The Cameron County Commissioners’ Court on Friday approved a contract with LCS Correctional Services Inc. that will allow the county to transfer nearly 100 inmates to the company’s privately run detention center in Nueces County. The inmates will be transferred to LCS’ Coastal Bend Detention Center in Robstown, said Gus Reyna Jr., chief deputy for the Cameron County Sheriff’s Department. ...

The inmate transfer is necessary for Cameron County to meet its commitment to the U.S. Marshals Service to provide space for 300 federal inmates in the county’s jail system, County Judge Carlos H. Cascos said.

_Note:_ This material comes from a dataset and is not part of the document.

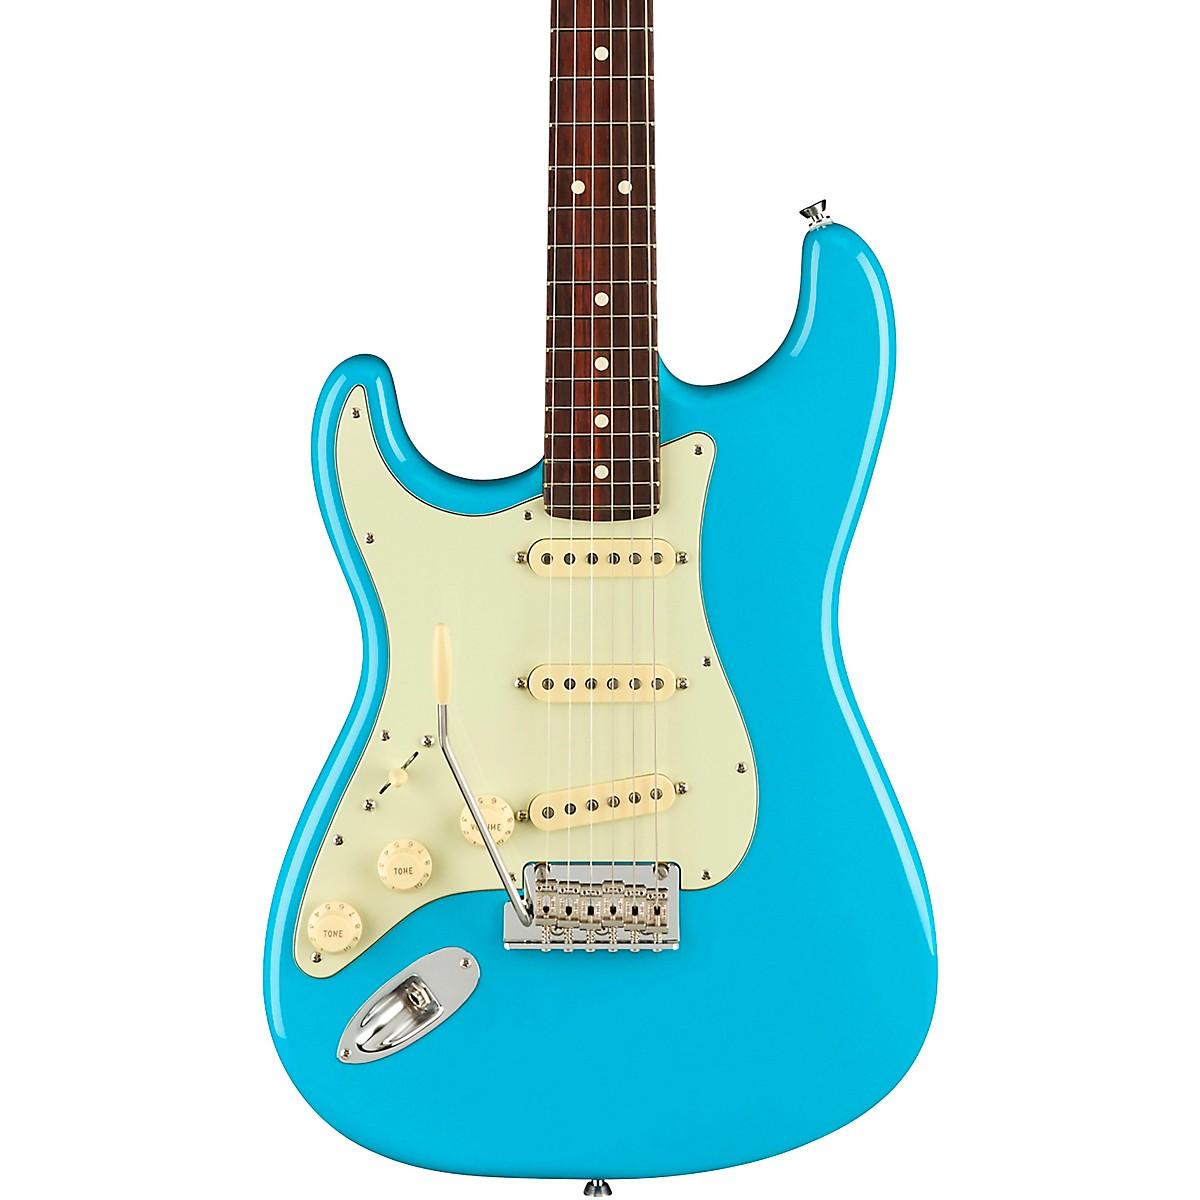 Fender American Professional II Stratocaster Rosewood Fingerboard Left-Handed Electric Guitar

While it may seem backwards to ship local jail inmates (some of whom are potentially folks not yet convicted of a crime) hours away from family, friends, and their attorneys in order to make room for federal detainees, it's a practice that we're likely to see more of with counties running their jails as profit-making entities much like private prisons.  (In a related story, Cameron County's jails were recently skewered by Texas Jail Project's Diana Claitor in the pages of the Texas Observer ("Heaven and Hell in Cameron County," November 13).)

As we've previously reported, LCS's Coastal Bend lock-up has had difficulty both passing basic inspections and finding prisoners to fill its 1,056 beds.  According to the November Texas Commission on Jail Standards numbers, the facility is currently only 56% full with federal detainees.  We'll keep you posted on the situation at Coastal Bend.